Gallagher also says the European tech industry, often overshadowed by giants like Alphabet and Amazon in the United States, should not be underestimated. He thinks Europe produces great technology companies.
THE FUND CAN HELP YOU CHOOSE WINNING COMPANIES
It is not easy to pick individual European investment winners, so investors may find it better to choose a European fund that houses a range of companies.
A good option is to choose a fund that simply invests in Europe’s largest listed companies. Vanguard FTSE Developed Europe ex-UK Equity Index is one such fund. It tracks an index of major European companies and has turned £1,000 into £1,303 in three years. The annual charges amount to 0.12 percent.
Ben Yearsley, director of Plymouth-based Shore Financial Planning, says there are a number of good European fund managers around, looking for future corporate success stories.
He mentions investment fund Fidelity European, which has turned an investment of £1,000 into £1,271 over the past three years.

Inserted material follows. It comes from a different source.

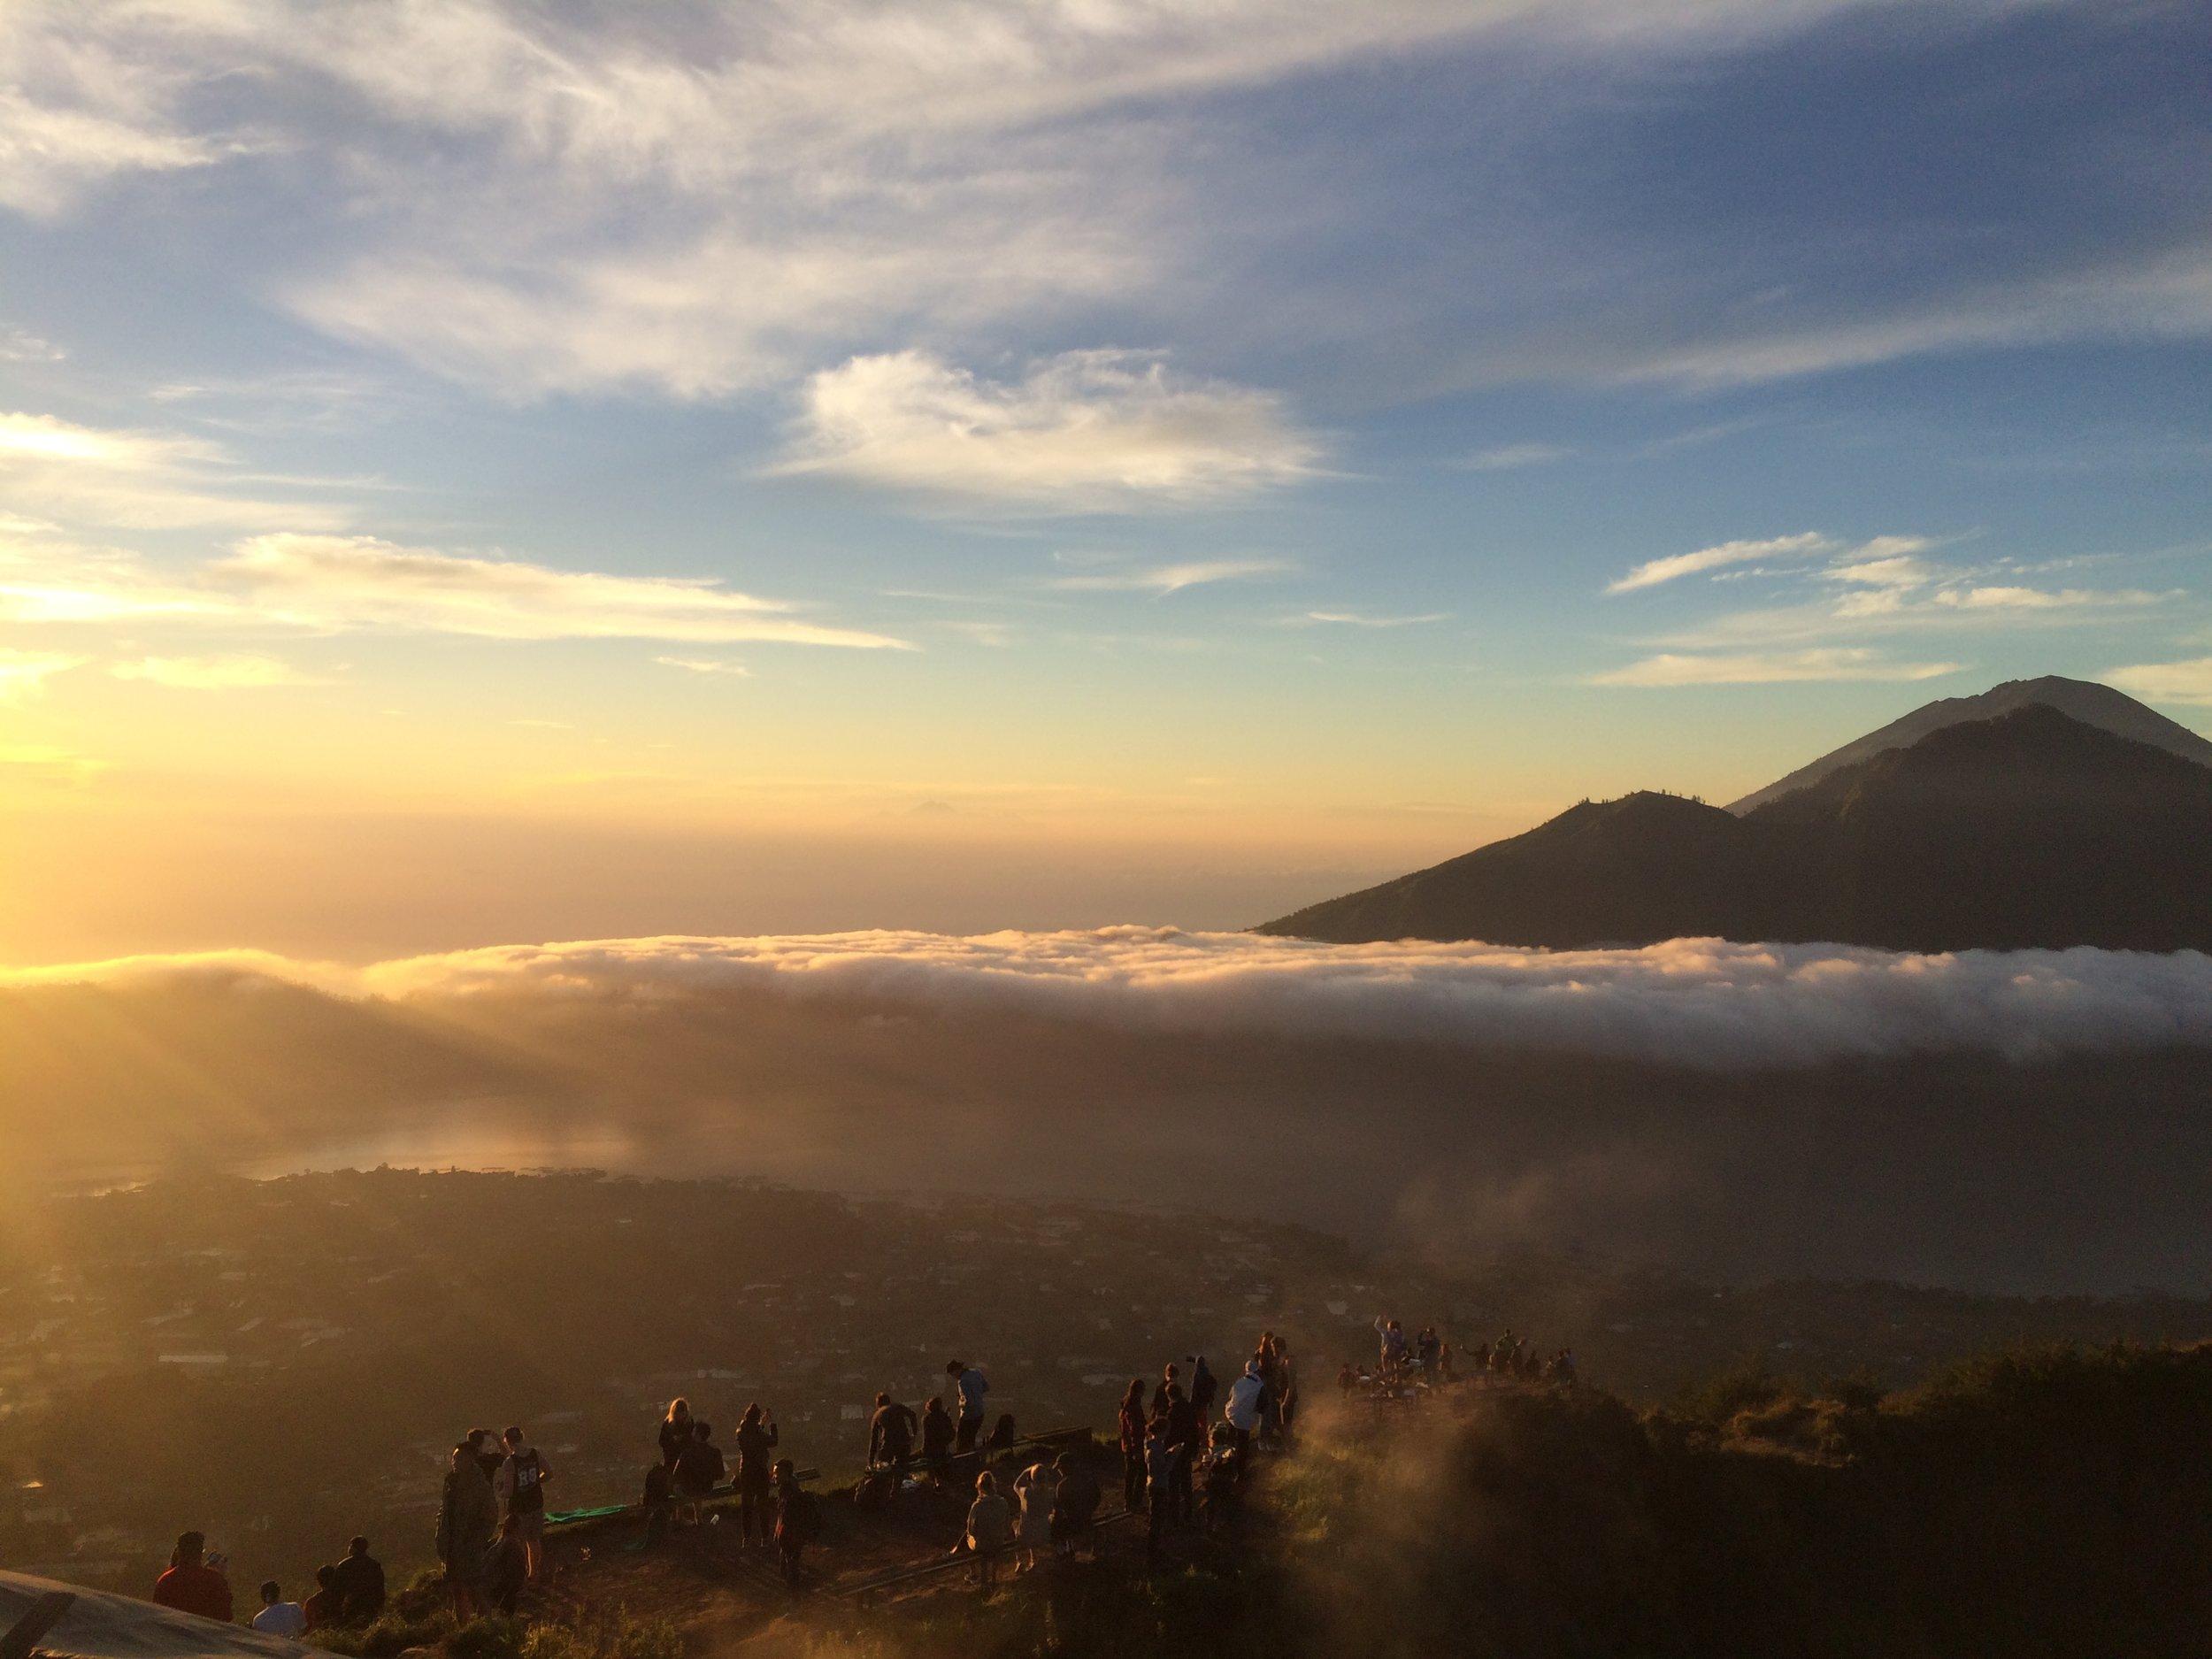 Sunrise on top of Mt. Batur.

He also likes trusts European Opportunities Trust, run by highly regarded investment manager Alexander Darwell of Devon Equity Management, and Montanaro European Smaller Companies. They have converted £1,000 into £1,012 and £2,051 respectively in three years.
It is a view shared by Guinness’s Edwards. He says: ‘The European technology sector is much smaller than its US counterpart, but in some areas it is world-class.’
He gives the example of the Dutch company ASML, which produces equipment on which the production of semiconductors depends. Semiconductors will be the key for the next decade, needed in everything from electric vehicles to smart devices and the latest electrical appliances.
Tom O’Hara, portfolio manager at asset manager Janus Henderson, highlights Acast, a Swedish podcast hosting platform, as a promising European technology company. “If you listen to podcasts regularly, it’s probably piped to your device from Acast’s servers,” he says. “They have a 70 percent market share in the UK and are gaining ground in the US and other markets.”
He adds, “The podcast market’s global revenues are expected to grow at 30 percent per year, while Acast expects annual revenues to grow at twice that rate.”
Europe is also showing its prowess in financial technology, Gallagher added. He points to Fineco Bank, which he likens to an ‘Italian Hargreaves Lansdown’ – and to the Swedish payment company Klarna, which is currently Europe’s largest fintech company.
AGING POPULATIONS ARE A BOOST FOR BIOTECHS
Europe’s strong biotech companies are the clear winners as the populations of many developed countries age.
But for a left-wing investment, Gallagher turns to Finnish elevator and moving walk maker Kone. “As the population ages, we want extra help getting up and down stairs with ease, so Kone will likely benefit from this demographic shift,” he says.
Investors looking for income from their portfolio may find investing in Europe worthwhile. That’s because European companies tend to pay higher dividends than their US counterparts.
‘Leading European companies often pay an annual income of about three percent, while American companies pay more one or two percent,’ says Edwards.